Similarly, motion of the magnet 616 may be due to being repelled by a magnetic ring of an energy harvesting component (coupled at an end of the energy harvesting connector 600 nearest the magnet 616), due to movement of the incompressible fluid 608 within the duct 612 (e.g., caused by the movable plate 604), or due to vibration received by the energy harvesting connector 600. The energy harvesting connector 600 comprises a housing 610 that contains the magnet 606, the movable plate 604, the incompressible fluid 608, and the duct 612. According to some embodiments, motion of the magnet 616 causes expansion or contraction of the membrane 614 and causes movement of the incompressible fluid 608 within the duct 612. As described herein, the membrane 614 may be flexible, and may comprise a second piezoelectric material that causes the membrane 614 to generate electric energy as the membrane 614 expands due to motion of the magnet 616.

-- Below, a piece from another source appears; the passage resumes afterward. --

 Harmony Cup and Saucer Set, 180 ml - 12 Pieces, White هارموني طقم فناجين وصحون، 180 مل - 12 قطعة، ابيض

The inner surface of the duct 612 may comprise a first electrostatic material, which can cause generation of electric energy as the incompressible fluid 608 moves relative to the inner surface. The incompressible fluid 608 may further comprise a second electrostatic material, which can cause, or assist in, generation of electric energy as the incompressible fluid 608 moves relative to the inner surface. The second electrostatic material may cause additional generation of electric energy over the first electrostatic material alone.

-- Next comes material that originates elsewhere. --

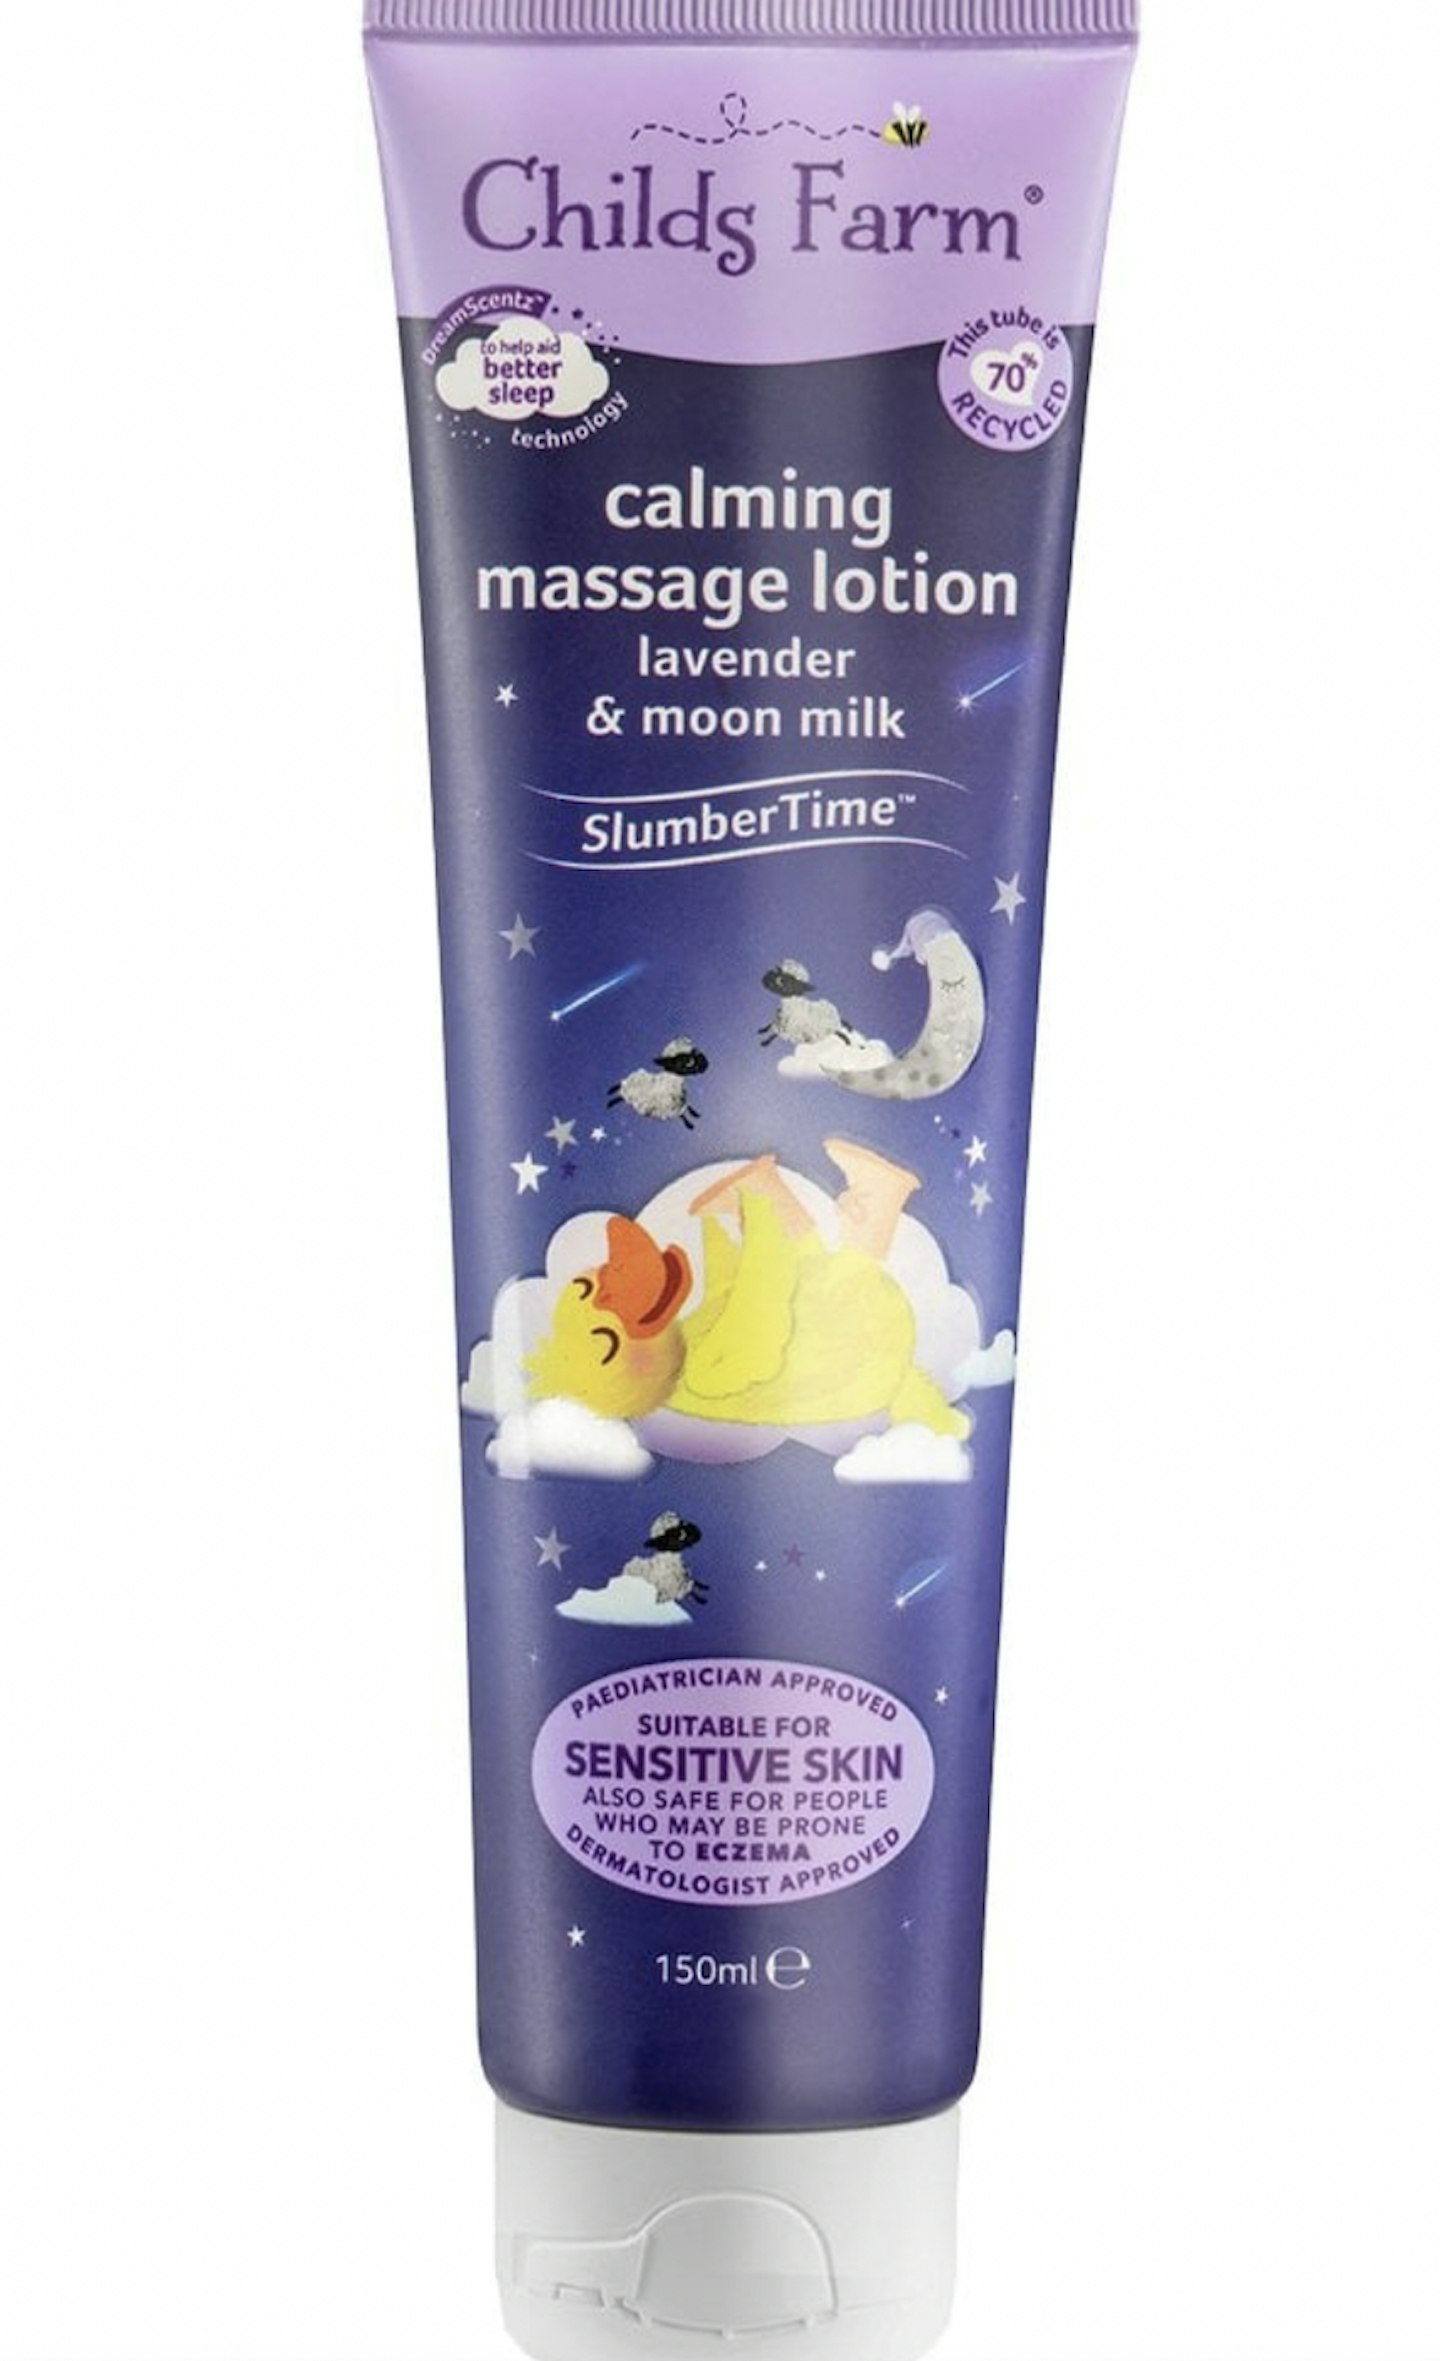 Childs Farm Calming Massage Lotion, Lavender & Moon Milk

For some embodiments, a first motion of the magnet 606 causes the movable plate 604 to move toward the incompressible fluid 608 within the duct 612. For some embodiments, the resulting movement of the incompressible fluid 608 by the movable plate 604 causes a second motion of the magnet 616.

For some embodiments, a third motion of the magnet 616 causes the incompressible fluid 608 to move within the duct 612. For some embodiments, the resulting movement of the incompressible fluid 608, by the third motion of the magnet 616, causes movement of the movable plate 604, thereby causing a fourth motion of the magnet 606.

FIG. 7 is a diagram illustrating an example energy harvesting system 700 comprising an energy harvesting connector 704 that couples together a straight energy harvesting component 702a and a straight energy harvesting component 702b, according to some embodiments. In particular, FIG. 7 presents a lengthwise cross-sectional view of the energy harvesting system 700. The energy harvesting connector 704 comprises a fluidic energy harvesting connector as described herein. As shown, the energy harvesting connector 704 comprises a coupling point 722a for coupling to the straight energy harvesting component 702a; a coupling point 722b for coupling to the straight energy harvesting component 702b; membranes 706a, 706b; magnets 708, 720; movable plates 710, 718; and a duct 712 containing an incompressible fluid 714. The magnet 708 is coupled to the membrane 706a and the movable plate 710. The magnet 720 is coupled to the membrane 706b and the movable plate 718. The duct 712 extends from the movable plate 710 to the movable plate 718, and the cross section of the duct 712 narrows from the movable plate 710 to the movable plate 718. A straight region 716 is disposed between the opening of the duct 712 and the movable plate 710, which provides the movable plate 710 with space within the energy harvesting connector 704 to move toward the duct 712 and push the incompressible fluid 714 into the duct 712.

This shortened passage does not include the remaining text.